Contenido
Conjunto de normas y principios teóricos que regulan las relaciones jurídicas entre empleadores y trabajadores y de ambos con el estado, originado por una prestación voluntaria, subordinada, retribuida de la actividad humana, para la producción de bienes y servicios.
Tradicionalmente la disciplina del derecho del trabajo se entiende formada por las siguientes partes:.
Modalidades dependendo do prazo
São contratos de trabalho a termo certo ou contratos de trabalho específicos. Um contrato a termo seria aquele que requer os serviços de um trabalhador por um determinado período, após o qual o contrato é considerado rescindido. Contrato de trabalho específico é aquele em que são solicitados os serviços de um trabalhador para a execução da obra. Concluída a obra, o contrato é considerado rescindido. A rescisão do contrato de trabalho por tempo ou obra concluída não implica responsabilidade para nenhuma das partes.
É importante mencionar que um contrato a termo que é constantemente prorrogado passa a ser considerado um contrato a termo indeterminado, porque se aplica o princípio da primazia da realidade.
São aqueles contratos que não estipulam data ou evento que encerre o contrato de trabalho. Certamente, são os contratos que permitem aos trabalhadores alcançar a estabilidade no emprego ao longo do tempo em que prestam os seus serviços.
Modalidades especiais de trabalho
Trabalho por conta própria ou trabalho independente é aquele em que o próprio trabalhador dirige e organiza a sua atividade, suportando o risco económico, e que pode assumir duas formas básicas:
O trabalho informal em relação de dependência, também chamado de trabalho não registrado, trabalho negro ou trabalho sem contrato, caracteriza-se por constituir vínculo empregatício que não cumpre as formalidades legais. This type of work has grown significantly in recent years. Atualmente, muitas grandes empresas utilizam um sistema de recursos humanos que combina a manutenção de um pequeno grupo formal “assalariado” empregado diretamente pela empresa, com um grande grupo de trabalhadores que trabalham em empresas terceirizadas, muitas vezes em condições informais, sem proteção trabalhista.
Uma das interpretações comummente aceites sobre a existência de actividades informais refere-se ao seu desenvolvimento fora do actual sistema regulatório. Ou seja, são tarefas que são realizadas sem cumprir os requisitos estabelecidos na regulamentação aplicável. Da mesma forma, e numa visão mais positiva, a exclusão está associada à falta de acesso às políticas de desenvolvimento e, em particular, ao crédito, à formação e aos mercados. Esta abordagem ao sector informal enfatiza a sua ilegalidade como uma característica primária e tende a vê-lo como um conjunto de actividades secretas ou clandestinas na economia.

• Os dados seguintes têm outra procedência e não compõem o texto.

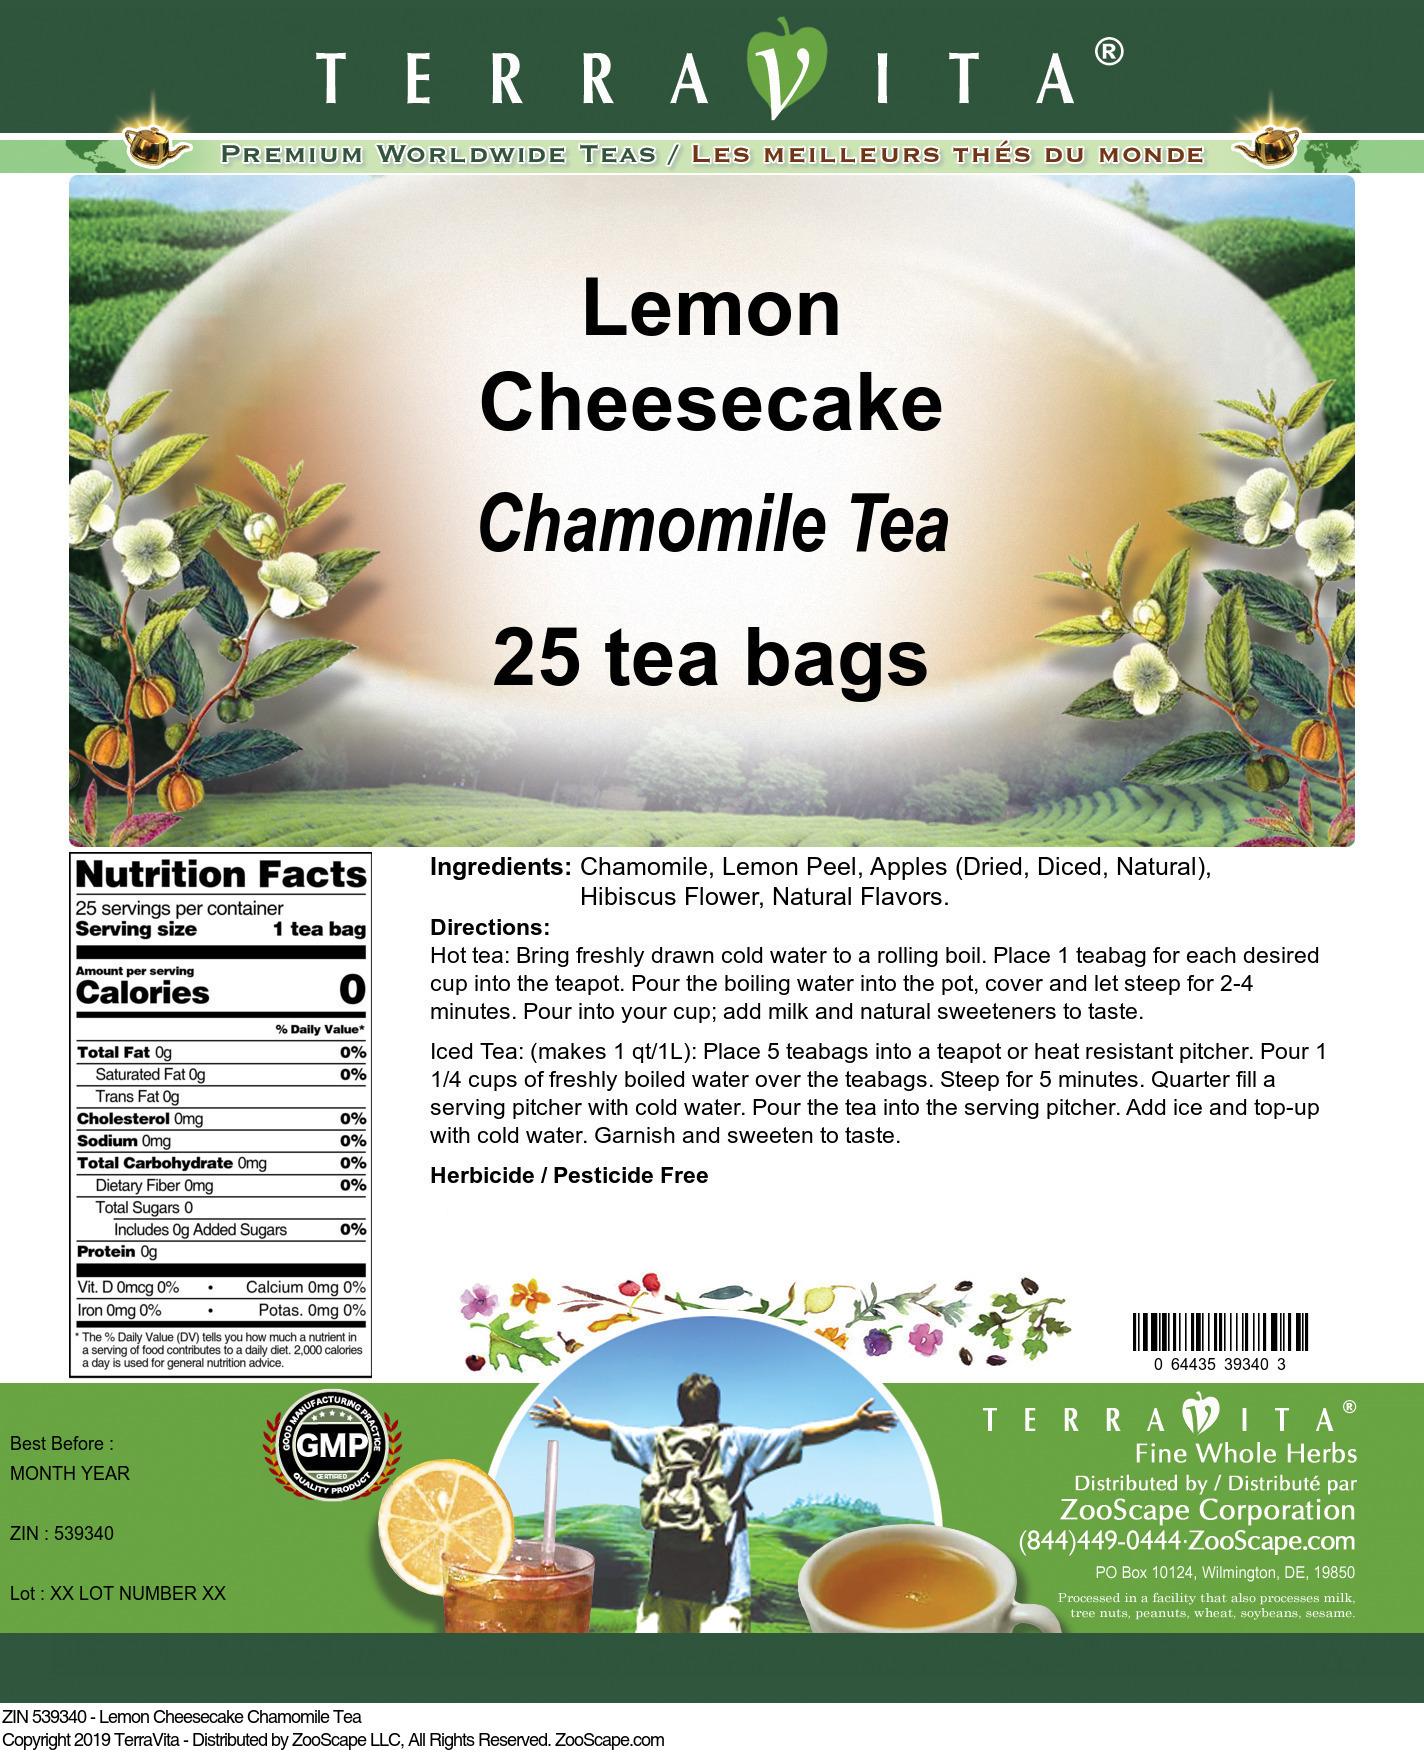 Lemon Cheesecake Chamomile Tea

A realidade é, no entanto, mais matizada. Nem o sector informal opera absolutamente “no azul”, nem o seu oposto, o sector moderno, o faz com adesão irrestrita à legalidade. Predominam as chamadas zonas cinzentas, que, em pesquisas do início da década de 1990 (Tokman, 1992; Tokman e Klein, 1996), têm sido caracterizadas como cumprimento parcial de determinados requisitos legais ou processuais, incluindo ilegalidade absoluta, mas também legalidade plena. Contudo, o panorama predominante na informalidade é uma área intermediária
entre estes últimos: são cumpridos determinados requisitos de registo, mas não são pagos impostos; Algumas das regulamentações trabalhistas são observadas, mas não todas.
Este tipo de trabalho não deve ser confundido com o anterior, embora muitas vezes na realidade as fronteiras sejam confusas. Este tipo de trabalho tem baixíssima produtividade e é realizado por conta própria, fora de todas as formalidades legais (limpadores de vidros de semáforos, catadores informais de lixo, vendedores ambulantes, etc.).
Neste tipo de trabalho, o trabalhador, geralmente ao concluir os estudos universitários, mantém uma atividade laboral normalmente relacionada com a investigação. É um valor derivado da bolsa de estudos, através da qual o trabalho realizado é remunerado, mas o bolsista fica fora da condição de trabalhador e, portanto, carece de grande parte dos benefícios sociais. Por vezes pretende-se que seja utilizado como forma legal de “contratação” de jovens trabalhadores, o que reduz os custos salariais decorrentes da inscrição na segurança social.